Linus adalah salah satu yang berproses sejak jenjang KB (terima kasih koreksinya Vinca), dan tadi dia bercerita bagaimana proses yang dijalaninya satu semester lalu. Senang sekali mendengar Linus bercerita. Seru mendengarnya berkisah tentang dua proyek utamanya di semester ini. Yang pertama adalah Sinau, empat sesi kelas online dengan berbagai tema dengan mengundang narasumber yang berkompeten di bidangnya. Mereka mengumpulkan dana (besarnya sukarela) dari keikutsertaan peserta, dan empat sesi Sinau tersebut menghasilkan dana sebesar Rp. 2.300.000,- Keren ya. Lebih keren lagi, dana itu disumbangkan ke orang-orang yang membutuhkan. Mereka membelanjakan uang tersebut, membelikan makan siang dan beberapa bingkisan dan menyampaikannya pada petugas kebersihan dan warga lain yang membutuhkan di Semi Palar dan sekitarnya.
Kalau buat saya rangkaian proses ini WOW banget. Merencanakan dan menggulirkan empat sesi Sinau ini dalam waktu 2 bulan (kalau saya tidak salah) sudah pasti bukan perkara mudah. Tim K-12 sendiri tidak banyak, hanya lima orang. Hal ini juga dilaksanakan sambil mereka melaksanakan proses magang juga. Belum lagi kegiatan-kegiatan lainnya. Linus, bercerita dia punya banyak kegiatan juga di luar Smipa, dia aktif di gereja, di pramuka, belum lagi menjalankan usaha jualan sayur online dan lain sebagainya.
Ada satu kalimat keren yang saya dengar dari dia, bahwa semua yang dia lakukan ini adalah:"Ini gue banget!" Nah ini... Ini buat saya indikasi dari apa yang sering kita sebut-sebut sebagai penemuan diri. Melakukan segala sesuatu atas dasar minat dan kesadaran akan potensi dirinya, ini kan bukan sesuatu yang mudah. Dari Linus saya mendengarnya mengucapkan itu dengan yakinnya. Apresiasi saya buat Linus.

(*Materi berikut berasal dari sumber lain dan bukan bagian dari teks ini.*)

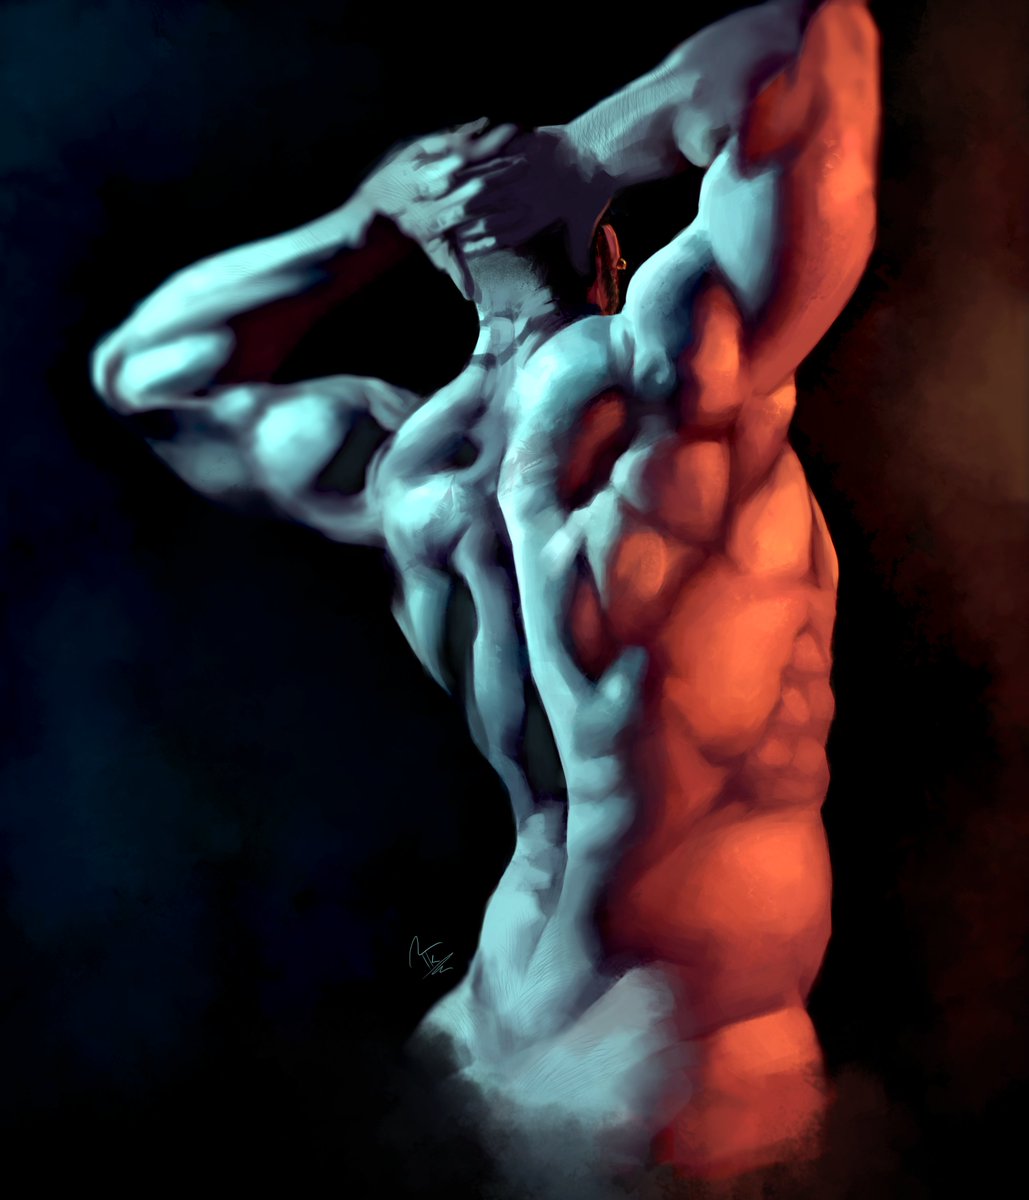 My art in case you haven't seen it - OCs and muscle studies

Di jaman sekarang ini, menjadi diri sendiri bukan hal yang sederhana buat Linus dan teman-teman segenerasinya. Terlalu banyak hal yang mendistraksi dan menjauhkan mereka dari jati diri mereka yang sejati. Jauh lebih penting lagi mereka juga merasa nyaman dan bahagia dengan diri mereka sendiri. Hmm, saya belum sempat bercerita tentang Denzel - tapi tulisan saya sudah cukup panjang dan hari sudah larut malam. Jadi semoga bisa disambung di lain kesempatan. Salam.
Terima kasih, kak Andy untuk apresiasinya... Mau revisi dikit.. Linus berproses sedari PG, yg sekarang disebut KB.. Kelompok bermain.. Itu jenjang awal yang Linus lalui dengan tidak mudah juga.. sama seperti melalui jenjang KPB sekarang ini..
Pesan aku buat Linus, meniru idealisme SMIPA, yang tidak ada ranking di kelas.. Pokoknya berusaha lakukan aja semua step secara maksimal.. Karena kita gak bisa menentukan nilainya berapa..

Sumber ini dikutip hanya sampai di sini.